» YOUR TASK
In the material below, find the line with "статистика супружеских измен" and the line with "4.5x3.5 Natural Thai". Output exactly those two lines and all lines between them, leaving out pictures.
Start of MATERIAL FOR THIS EXERCISE
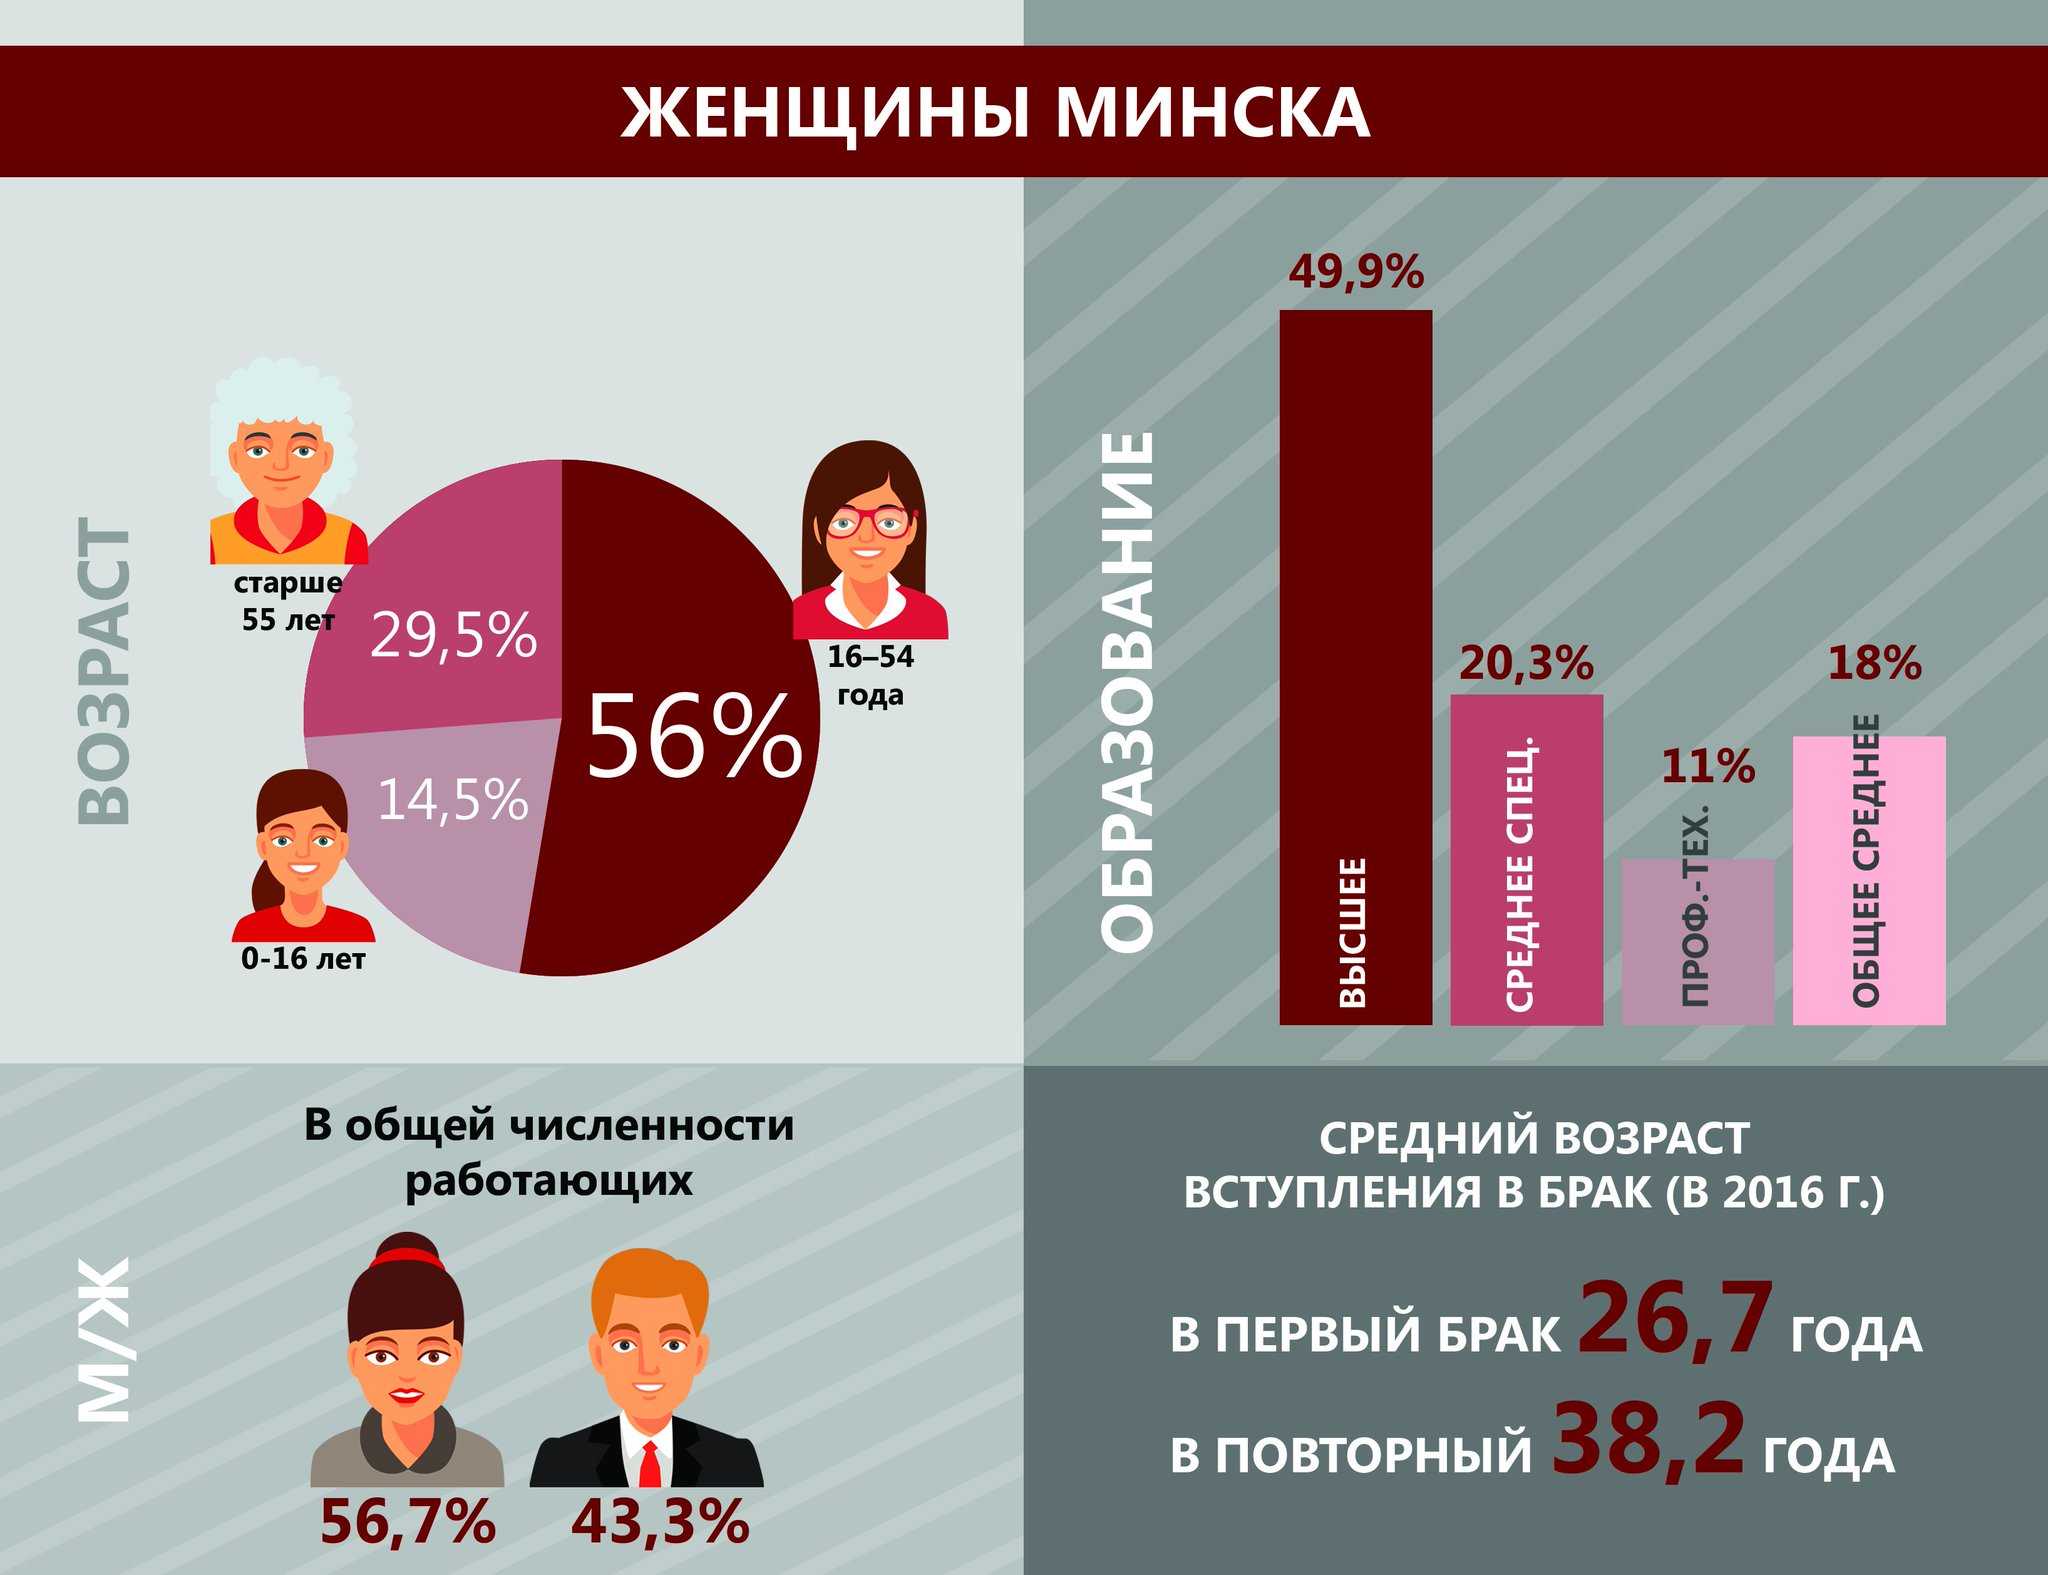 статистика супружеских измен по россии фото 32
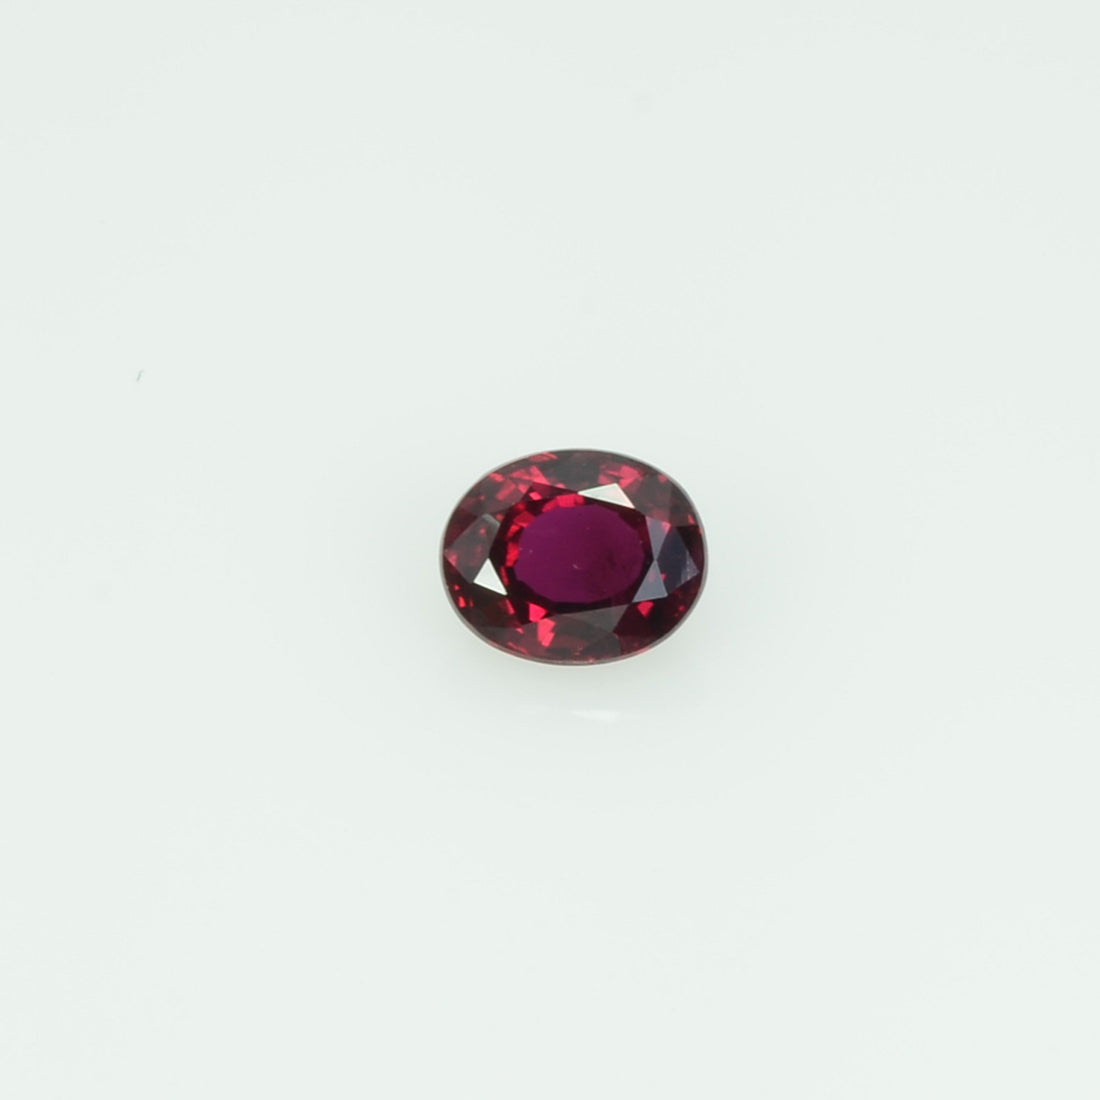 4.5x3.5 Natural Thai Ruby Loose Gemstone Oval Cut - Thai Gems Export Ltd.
End of MATERIAL FOR THIS EXERCISE
Start of MATERIAL FOR THIS EXERCISE
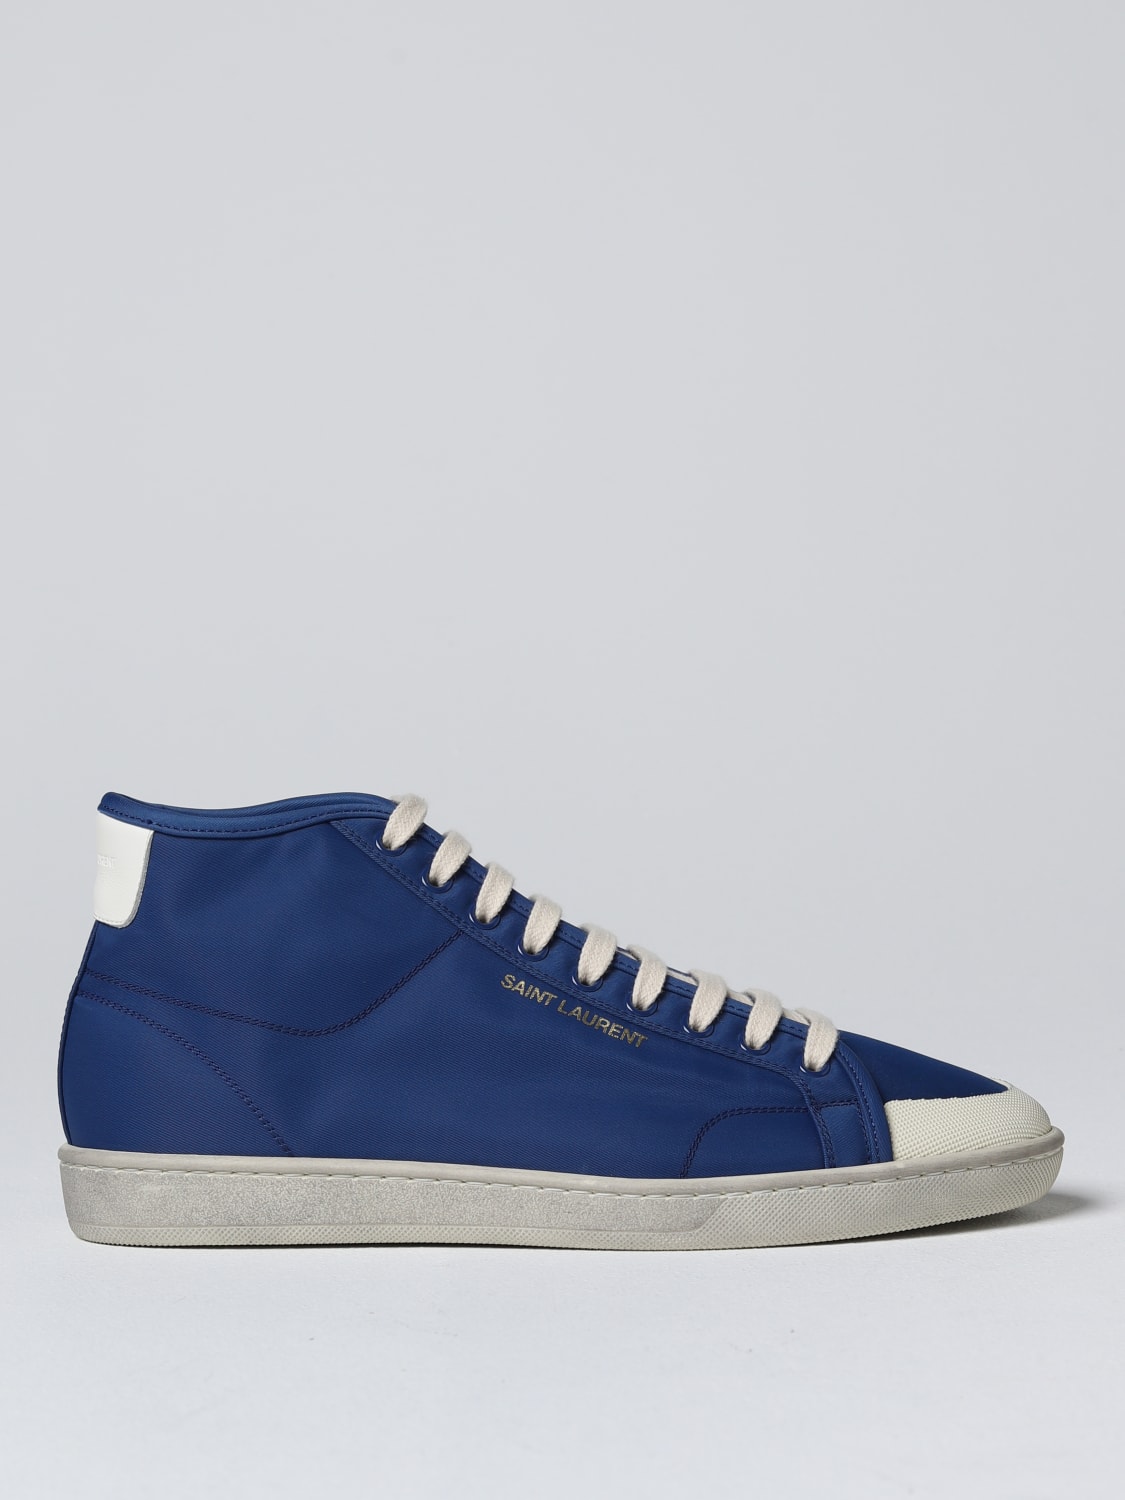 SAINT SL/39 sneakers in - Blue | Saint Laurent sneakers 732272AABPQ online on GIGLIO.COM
End of MATERIAL FOR THIS EXERCISE
» RESPONSE AREA
 статистика супружеских измен по россии фото 32
 4.5x3.5 Natural Thai Ruby Loose Gemstone Oval Cut - Thai Gems Export Ltd.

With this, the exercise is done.